The Solicitor - The FindLaw UK Life, Family and Workplace Law Blog

Gay marriage: Chaplain defies rules to marry partner in England

A hospital chaplain has defied Church of England rules to marry his long-term partner this weekend, despite the move being censured by his church, reports the BBC.

Same-sex marriage became law in the UK last year, and the first ceremonies were conducted amid scenes of jubilation around the UK back at the end of last month.

However, despite widespread support from the public, politicians and campaigners, there remains staunch opposition to the right of same-sex couples to marry, particularly among religious groups.

As a result, the decision by Canon Jeremy Pemberton is seen as one of the first to involve a serving Anglican minister participating in a same-sex marriage in the UK.

Canon Pemberton married his long-term partner Laurence Cunnington in a service held privately at a local hotel.
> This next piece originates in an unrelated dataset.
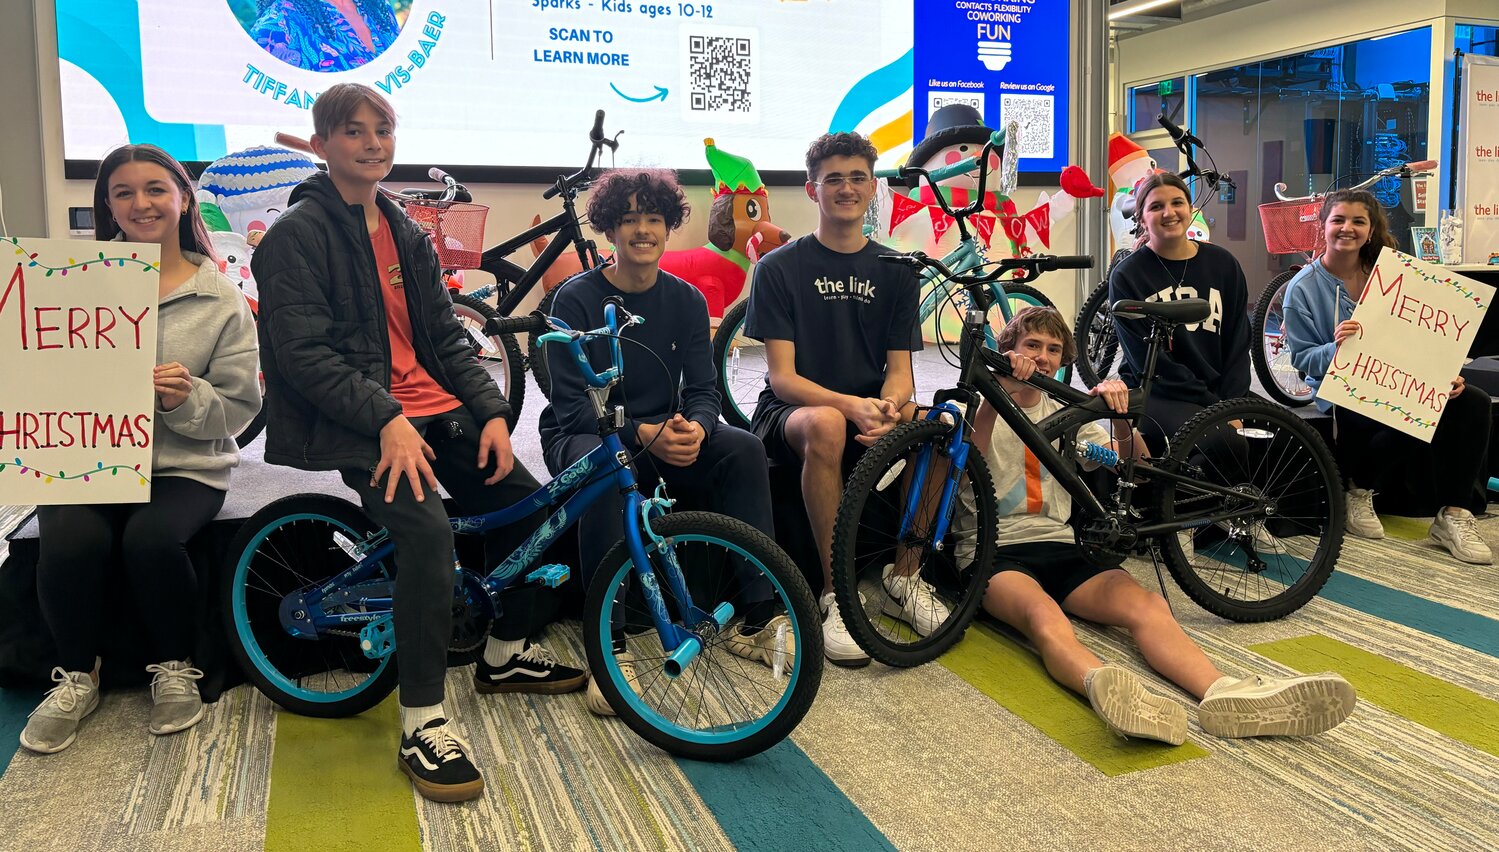 Members of the link Teen Club recently gathered to build bikes for deserving kids.

Under the terms of the law permitting same-sex marriages, the Churches of England and Wales are legally prohibited from holding same-sex services, and there is a bar on anyone bringing a claim under equality legislation to challenge the ban.

It is understood that Canon Pemberton informed the Bishop of Lincoln, the Right Reverend Christopher Lowson, of his intention to marry his partner.

In response to the news that they had married, Bishop Lowson said that he had explained the rules to Canon Pemberton, prompting some to believe that the Canon may face disciplinary action from the Church.

"I am aware that a member of the clergy who works in the Diocese of Lincoln has married a partner of the same sex," said Bishop Lowson.

"The priest concerned wrote to me in advance to explain his intention and we had a subsequent meeting in which I explained the guidelines of the House of Bishops," he added.

The Church remains steadfast in its belief that the Christian understanding of marriage is between a man and a woman. Critics argue that marriage is ultimately about love, regardless of the gender of the people love exists between.

The move has prompted right-wing critics to argue that Canon Pemberton should lose his right to function as a clergyman, regardless of his ability in the job or his commitment to faith.